= Axiom of adjunction =

Principle in set theory

In mathematical set theory, the axiom of adjunction states that for any two sets x, y there is a set w = x ∪ {y} given by "adjoining" the set y to the set x. It is stated as

$\forall x. \forall y. \exists w. \forall z. \big( z \in w \leftrightarrow (z \in x \lor z=y) \big).$

Bernays (1937) introduced the axiom of adjunction as one of the axioms for a system of set theory that he introduced in about 1929.
It is a weak axiom, used in some weak systems of set theory such as general set theory or finitary set theory.
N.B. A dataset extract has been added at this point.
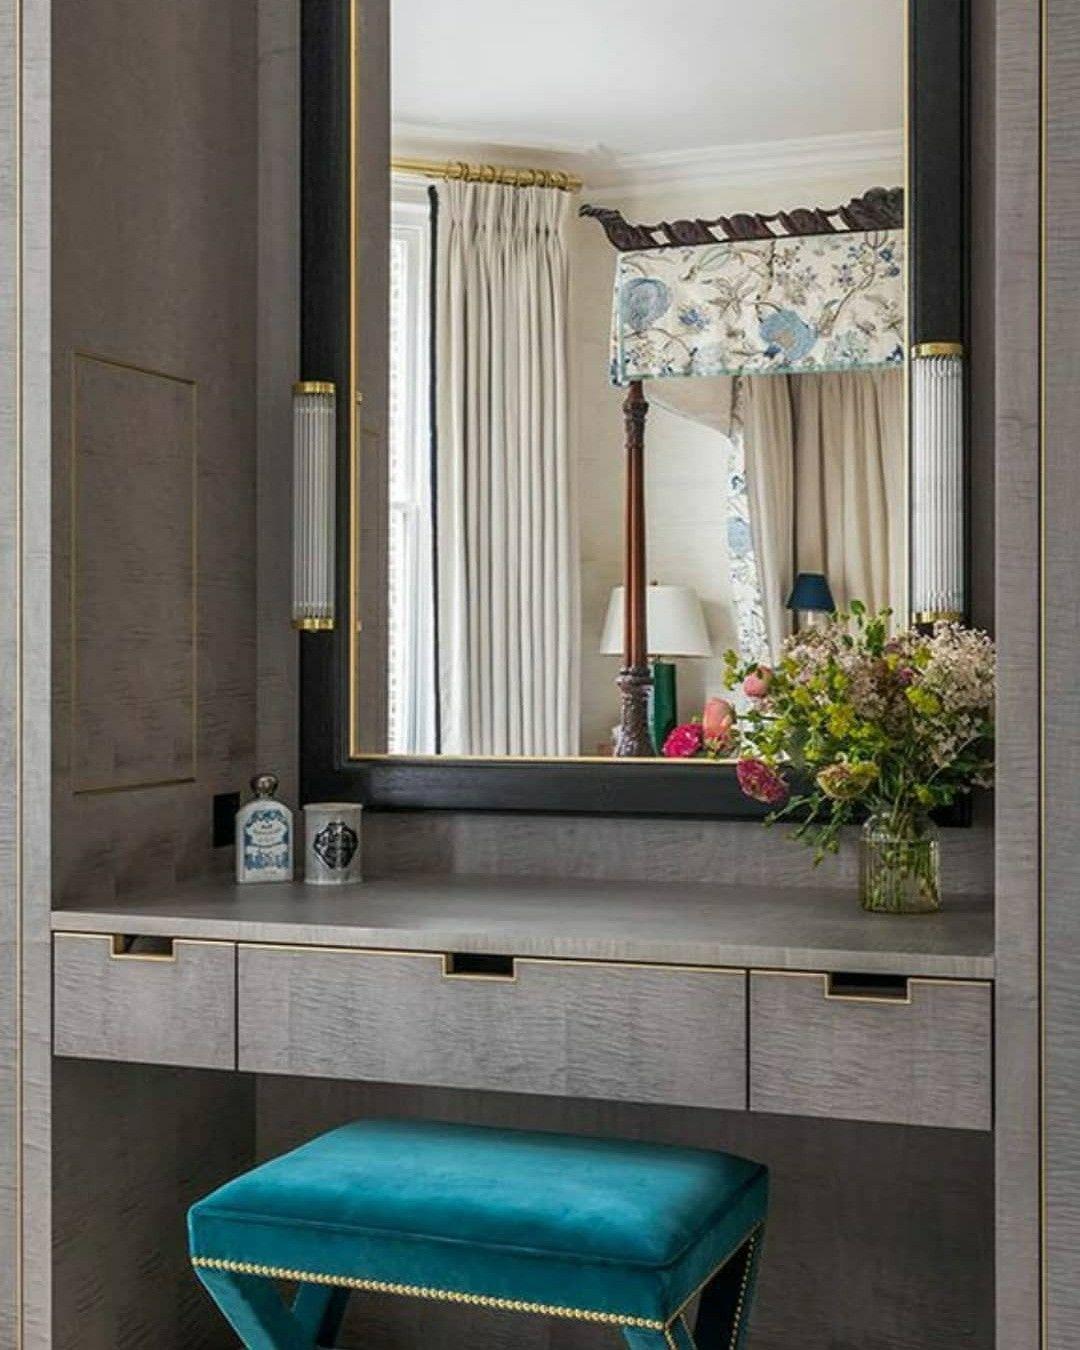 ديكور تسريحه ديكورات خشب ديكور خشب غرف النوم تفصيل خشب ديكورات لتواصل الرياض 0535711713 Cool House Designs Home Decor Styles House Styles

The adjunction operation is also used as one of the operations of primitive recursive set functions.

== Interpretability of arithmetic ==
Tarski and Szmielew showed that Robinson arithmetic (${\mathsf{Q}}$) can be interpreted in a weak set theory whose axioms are extensionality, the existence of the empty set, and the axiom of adjunction (Tarski 1953).
In fact, in the language of set theory extended with a function symbol for adjunction, the axioms of empty set and adjunction alone (without extensionality) suffice to interpret ${\mathsf{Q}}$. (They are mutually interpretable.)

Adding epsilon-induction to empty set and adjunction yields a theory that is mutually interpretable with Peano arithmetic (${\mathsf{PA}}$).
Another axiom schema also yields a theory that is mutually interpretable with ${\mathsf{PA}}$:
$\forall x. \forall y. \exists w. \forall z. \Big(z \in w \leftrightarrow \big((z \in x \lor z = y) \land \phi\big)\Big)$,
where $\phi$ is not allowed to have $w$ free. This combines axioms of set theory: For $\phi$ trivially true it reduced to the adjunction axiom above, and for $(z\neq y)\land P$ it gives the axiom of separation with $P$.